Bei Nahrungsmitteln, deren Preise bis zum Sommer stark gestiegen sind, sei nun eine „deutliche Entspannung“ zu beobachten. Die Verteuerungen, die zeitlich mit der Euro-Einführung zusammenfielen und insbesondere Obst und Gemüse betrafen, waren nach Darstellung der Statistiker vor allem eine Folge der kalten Witterung. Im November 2002 habe jedoch das Preisniveau für Nahrungsmittel um 0,8 Prozent niedriger gelegen als vor Jahresfrist. Trotzdem gibt es Ausreißer nach oben: Schokolade war im Oktober 3,7 Prozent teurer als im Vorjahr.

„Die Preiserhöhungen schlagen sich nicht so stark in der Teuerungsrate nieder, weil die Preise vieler anderer Produkte gleich geblieben oder sogar günstiger geworden sind“, sagt Statistikerin Engelhardt. Vor allem die Preise für langlebige Konsumgüter wie Fernseher, Waschmaschinen oder Computer seien schon seit längerer Zeit rückläufig. Ähnliches sei bei Mieten, Energie und Versicherungen der Fall.

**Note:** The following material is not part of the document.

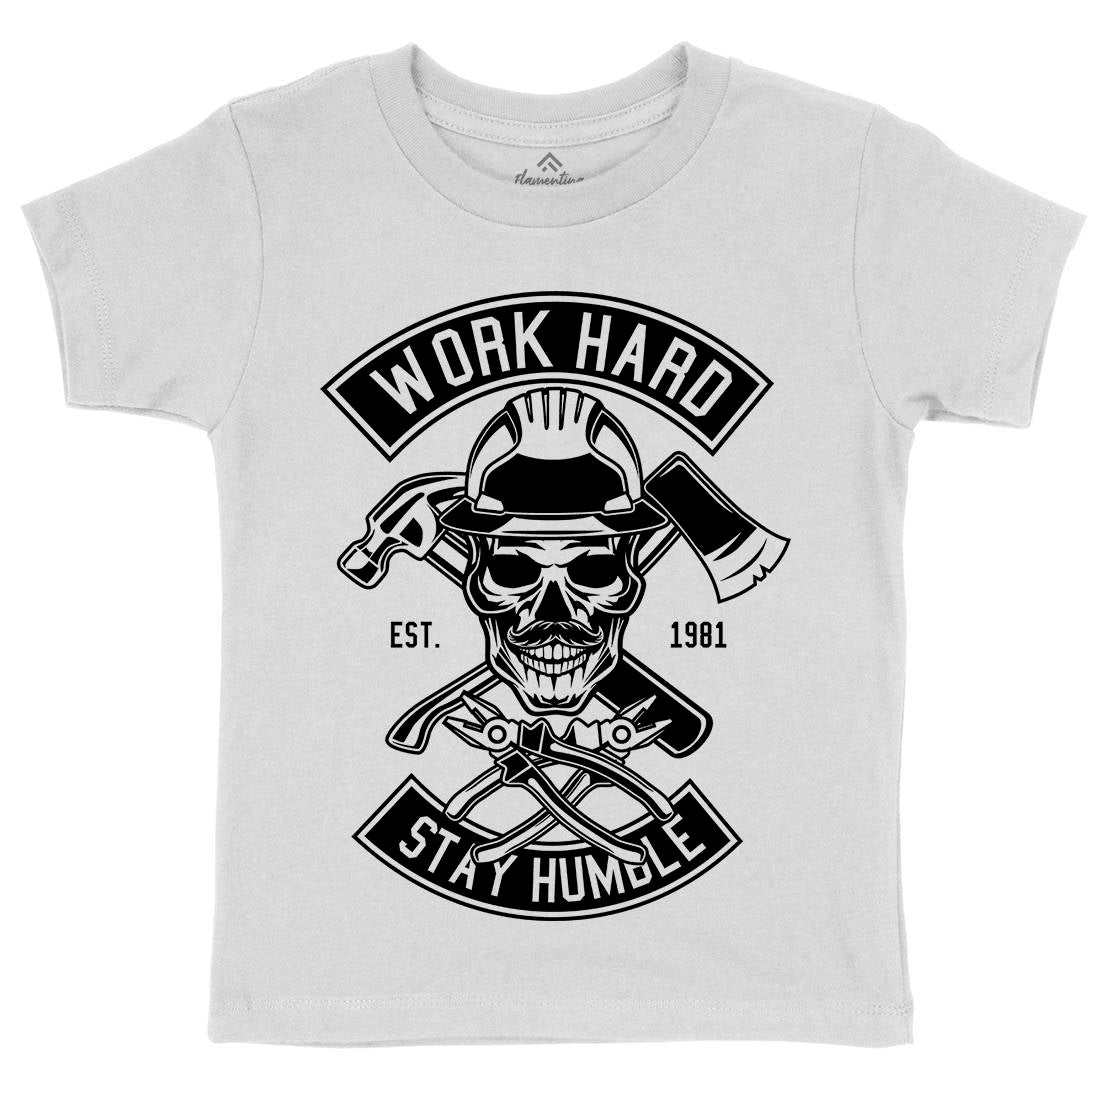 Work Hard Kids Crew Neck T-Shirt Retro B673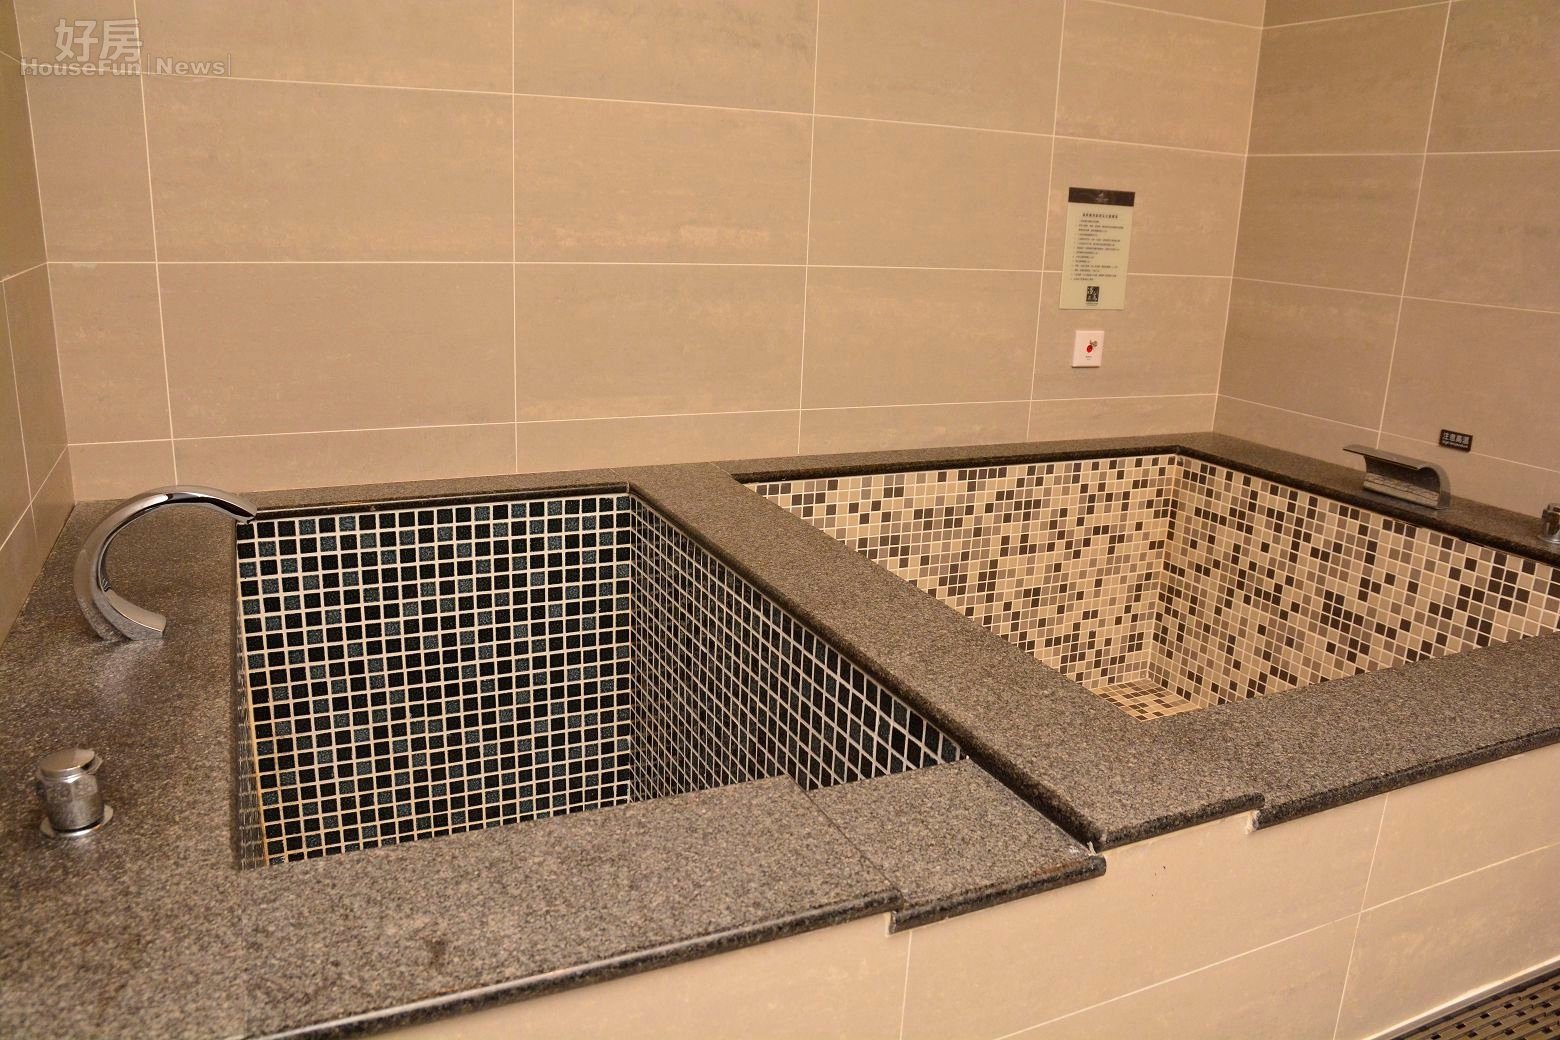 大板根森林遊樂區最新套房冷熱分隔浴缸,可讓遊客同時享受冷泉與溫泉泡澡。(好房News記者 陳韋帆/攝影)

Im Warenkorb, der als Grundlage für die Ermittlung der Preissteigerungsrate dient, haben diese Waren und Leistungen ein hohes Gewicht (siehe Kasten). Der Warenkorb gebe daher nur unzureichend Aufschluss über die Auswirkungen des „Teuro“, sagte Bernd Krieger vom Europäischem Verbraucherzentrum Kiel. Nach Ansicht der Statistiker gibt es aber objektive Gründe, warum die Verbraucher das Gefühl haben, alles sei teurer geworden. „Der Preisanstieg betraf vor allem Güter des täglichen Bedarfs, mit denen die Menschen häufig konfrontiert sind“, sagt Engelhardt. Zudem fielen die hohen Preise bei Nahrungsmitteln zeitlich genau mit der Euro-Einführung zusammen. „Das setzt sich in den Köpfen fest.“

Trotzdem dürfe das Preisniveau kein Grund mehr dafür sein, dass die Deutschen den Euro immer noch nicht mögen, sagt Engelhardt. Nach einer Untersuchung der EU-Kommission sind nur 28 Prozent der Deutschen mit der neuen Währung zufrieden. Im Durchschnitt der Euroländer sind es mehr als die Hälfte. Die Statistiker erwarten, dass das Preisniveau auch in den kommenden Monaten nur moderat steigen werde.

Dass sich der Streit über den „Teuro“ wohl nie beilegen lassen wird, räumten auch die Statistiker ein: Wissenschaftlich exakt sei der Einfluss des Euro auf das Preisniveau nicht eindeutig bestimmbar.